Agreed though it's a very hard task.

2008-02-07 00:34:39

by David Miller

[permalink] [raw]
Subject: Re: more iommu sg merging fallout

From: FUJITA Tomonori <[email protected]>
Date: Thu, 07 Feb 2008 08:53:33 +0900

> On Wed, 06 Feb 2008 15:18:55 -0800 (PST)
> David Miller <[email protected]> wrote:
>
> > I intend to put merging back in, perhaps something similar to
> > powerpc's merging logic but without the expensive (in my opinion)
> > IOMMU allocation every loop. I think it is better to determine the
> > segment breaks in one pass, allocate that many IOMMU entries in one
> > allocation, then fill them all in.
>
> I thought about asking you if I can modify the SPARC IOMMUs to do
> allocation in every loop.
>
> The reason why I need the allocation in every loop is that I also need
> to fix the problem that IOMMUs allocate memory areas without
> considering a low level driver's segment boundary limits.
>
> http://linux.derkeiler.com/Mailing-Lists/Kernel/2007-11/msg07616.html
> http://linux.derkeiler.com/Mailing-Lists/Kernel/2007-12/msg02286.html
>
> As far as I know, all the IOMMUs except for SPARC allocate a free area
> in every loop but if it's too expensive for SPARC, then we need to
> find a different way to handle segment boundary limits.

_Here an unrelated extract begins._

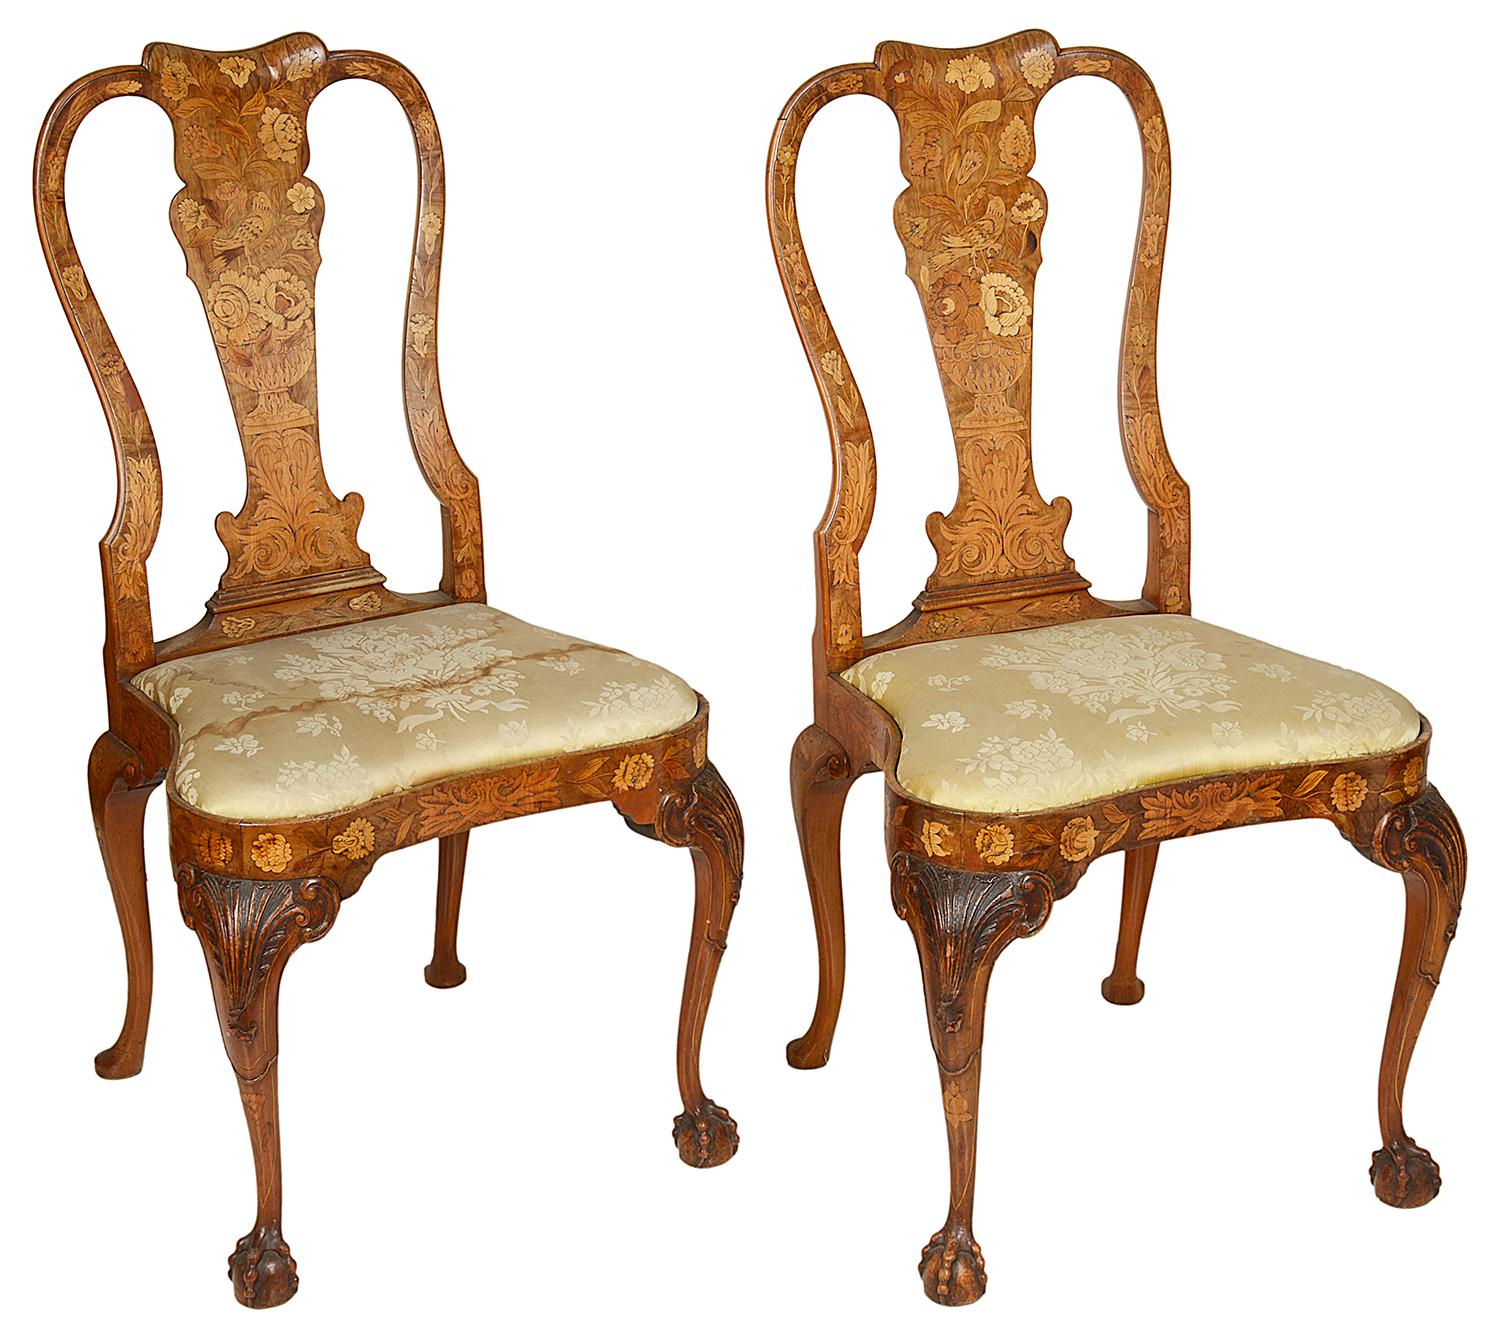 A fine quality set of four, 18th century Dutch marquetry side chairs. Each with wonderful inlaid decoration, depicting flowers, birds and leaves to the back rest, frieze and legs. Drop in upholstered seats and raised on beautifully carved cabriole

Ok then what I'll do is adopt some version of powerpc's merging
allocator into the sparc64 code.

2008-02-07 01:38:27

by FUJITA Tomonori

[permalink] [raw]
Subject: Re: more iommu sg merging fallout

On Wed, 06 Feb 2008 16:01:47 -0800 (PST)
David Miller <[email protected]> wrote:

> From: FUJITA Tomonori <[email protected]>
> Date: Thu, 07 Feb 2008 08:53:33 +0900
>
> > On Wed, 06 Feb 2008 15:18:55 -0800 (PST)
> > David Miller <[email protected]> wrote:
> >
> > > I intend to put merging back in, perhaps something similar to
> > > powerpc's merging logic but without the expensive (in my opinion)
> > > IOMMU allocation every loop. I think it is better to determine the
> > > segment breaks in one pass, allocate that many IOMMU entries in one
> > > allocation, then fill them all in.
> >
> > I thought about asking you if I can modify the SPARC IOMMUs to do
> > allocation in every loop.
> >
> > The reason why I need the allocation in every loop is that I also need
> > to fix the problem that IOMMUs allocate memory areas without
> > considering a low level driver's segment boundary limits.
> >
> > http://linux.derkeiler.com/Mailing-Lists/Kernel/2007-11/msg07616.html
> > http://linux.derkeiler.com/Mailing-Lists/Kernel/2007-12/msg02286.html
> >
> > As far as I know, all the IOMMUs except for SPARC allocate a free area
> > in every loop but if it's too expensive for SPARC, then we need to
> > find a different way to handle segment boundary limits.
>
> Ok then what I'll do is adopt some version of powerpc's merging
> allocator into the sparc64 code.

Great, thanks! SPARC IOMMUs use bitmap for the free area management
like POWER IOMMUs so it could use lib/iommu-helper as POWER does.

2008-02-12 05:40:18

by David Miller

[permalink] [raw]
Subject: Re: more iommu sg merging fallout

From: FUJITA Tomonori <[email protected]>
Date: Thu, 07 Feb 2008 10:38:01 +0900

> Great, thanks! SPARC IOMMUs use bitmap for the free area management
> like POWER IOMMUs so it could use lib/iommu-helper as POWER does.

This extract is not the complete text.